Thursday, March 22, 2007

Rewind Wednesdays

I am trying to post an old blog every wednesday, but ya know... it really COULD be wednesday by my standards. Here's something quite old.

ps - Reality check, oh wait I live in one and don't need to name myself such so to prove it.... hm. Guess what, it's my perogative, make my own decisions, I can do what I wanna do, why can't I live without all the things people say? Suck it love, and give a good listen to lyrics... I rarely don't mean them emphatically. Go ahead and look that up.

Moving on....






-DM
-----

Being Married

I suppose this entry’s title is wrongly named, because one doesn’t technically have to be married to go through the ups and downs of it, the license and rings just tend to raise the stakes a bit.

Mr. Morgan and I have been married almost two years now, after a careful courtship where we sniffed each other’s asses and made sure we were not just overwhelmed with wanting to fuck, but actually had a deep affection for another. Turns out we still just want to fuck, but get along pretty well during the times we aren’t naked.

Being married offers a variety of challenges, while presenting the comfort of having a warm body next to you at night, and someone who will forever listen to your bitching because they live there and have no where to run.

I had roommates once, a couple who shared one room and I had the other. I didn’t see the scope of how hard it was to live with another person at that time, mostly because I didn’t give a fuck what they did as long as they stayed out of my cereal and dill pickles.

I married Mr. Troll, and it still didn’t quite occur to me. I tended to just ignore him and do my dog rescue thing. I never cooked, cleaned and rarely fucked anything that didn’t take batteries.

Then I met Mr. Morgan. I turned Betty-Fucking-Crocker overnight. I cooked (just because I didn’t for Mr. Troll does not mean I do not know how, I just generally don’t) I cleaned. I learned to chase his fleeing socks with a giant net and wrestle them into the washing machine. I did all of these things with a sense of pride. I’d say to self “My man worked all day, he deserves a clean home, a hot meal and a sexy bitch for a wife!”

I still think these things, and do those things, but it is funny how the little shit changes. Back when I was new ass to him there was no bickering, he would laugh and find my weird shit endearing. Now it’s grounds to banter back and forth until one or the other snaps and starts a pinching war. This happens frequently, the latest being on the road to Marine World.

Being petty, while one of my biggest faults, is a trait I can’t stand in others. Ah…. The irony.

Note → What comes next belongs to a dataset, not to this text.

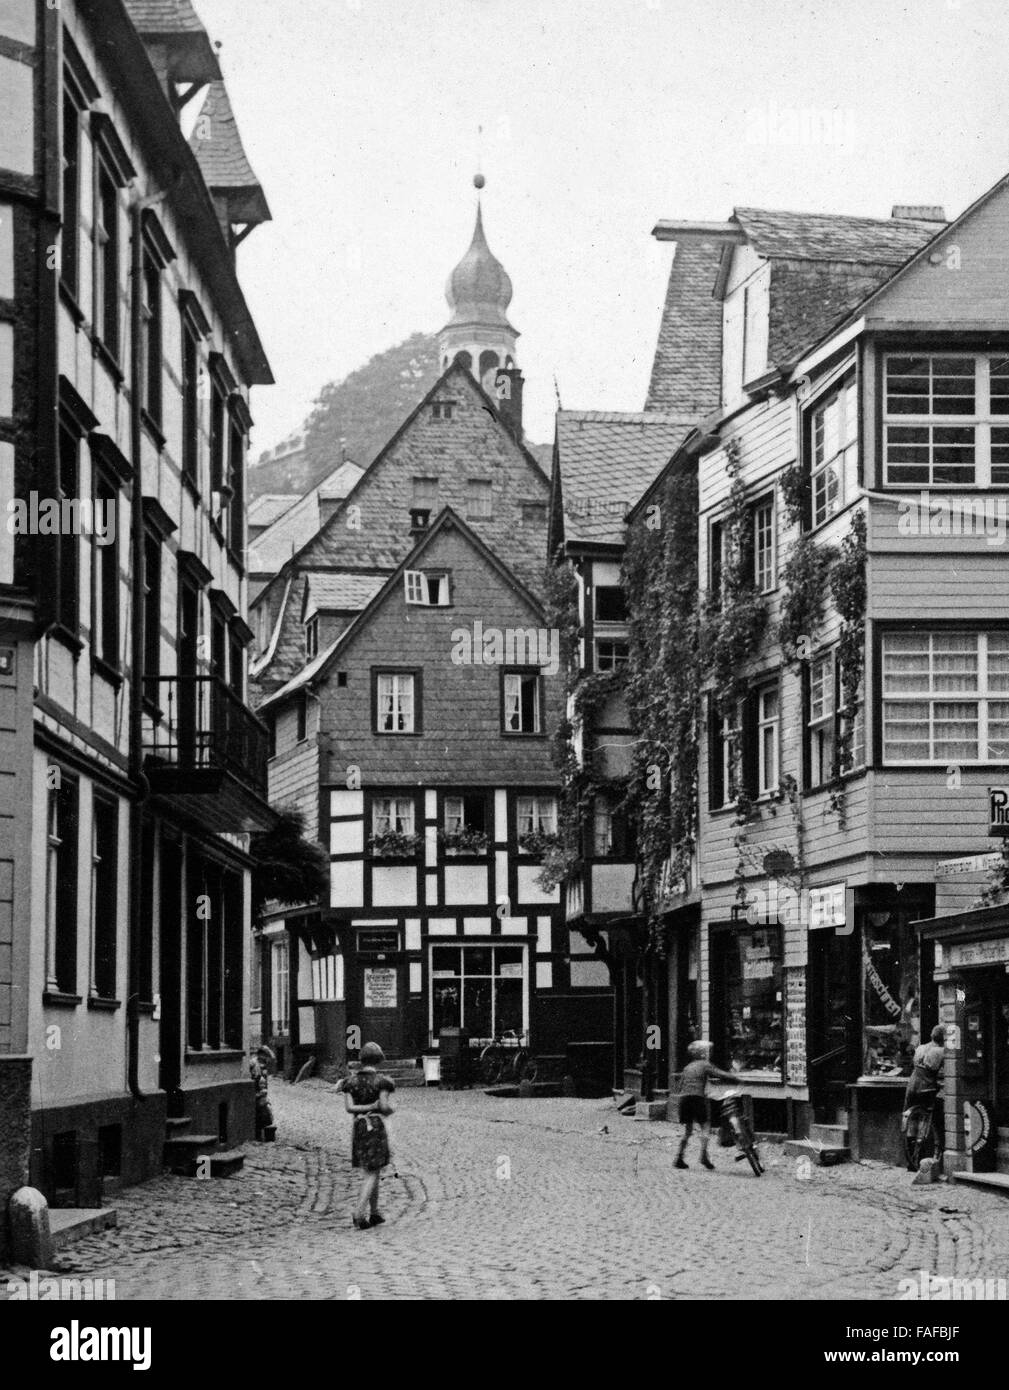 Blick in die Stadt Monschau eine der Rur in der Eifel, Deutschland, 1930er Jahre. Blick auf die Stadt Monschau am Fluss Rur in der Eifel-Region, Deutschland der 1930er Jahre. Stockfoto

We were driving along and I saw a lot of something I don’t see often. So I pointed and exclaimed happily:

“Cotton!”
“Fog.”
“Cotton.”
“Fog.”

As if he is unaware I name things whatever I feel like when I see them. I’m not a retard who doesn’t know it’s correct term, thus petty to banter me. I have a stuffed animal at home named Generous, so I’m pretty fucking spontaneous and I like finding words that are more suitable than what they are really called.

“Cotton fucker!”
“Fog bitch!”

/pinching war

“Are you done now?”
“Cotton. Hmph.”
“Jesus…. “
“Can you see through the field of COTTON?”
“Are you driving?”
“Well maybe I should be.”
“And maybe you should shut up too.”
“You wish.”
“GET OFF THE PHONE!”
“D… seriously quit screaming that at every person who goes by talking on a cell phone.”
“They should not be on the phone, or passing in the right hand lane.”
“Are you fucking driving or what?”
“Well maybe I should be.” Slumps into seat and sighs audibly.

/vroom…..

“GET OFF THE PHONE!”
“Mother fuck…”
“I couldn’t help it! She was actually DIALING it man. She is selfishly trying to kill us.”
“One more outburst from you….”
“And I can drive?”
“No. One more and you can beg someone to pay for your ticket into marine world.”
“You wouldn’t!”
“Would.”
“Then I’m gonna…. I’m gonna hm, I’ll do something buster!”
“Ok D.”

This continued the entire drive for four long hours.

“Ever wondered what it’s like to be a zebra?”
“Nope.”
“Why?”
“Are you talking to hear yourself talk?”
“Yes?”

/silence

“So?”
“So what?”
“Ever wondered what it’s like to be a zebra?”
“God help me…”

So run and get your marriage licenses kids!

-DM

3 Comments:

Blogger diana albright said...

LOL... I remember this one when you first wrote it. I wasn't yet married then... Mr. Moon & I were still sniffing each others' asses... so this makes sense more, now that we've been married for a year & a half. Ohhhh myyyyy.

9:02 AM  
Blogger Saffyrre said...

OH and one more thing...ROFLMAO on the Bobby Brown video! This is totally going to date me but that was the biggest song ever the summer I graduated! We jammed to it all the time, ha!!

9:14 PM  
Blogger diana albright said...

sarcasm is fun.

and i still sniff my hubby's ass every once and again. just to make sure i still smell better than he does.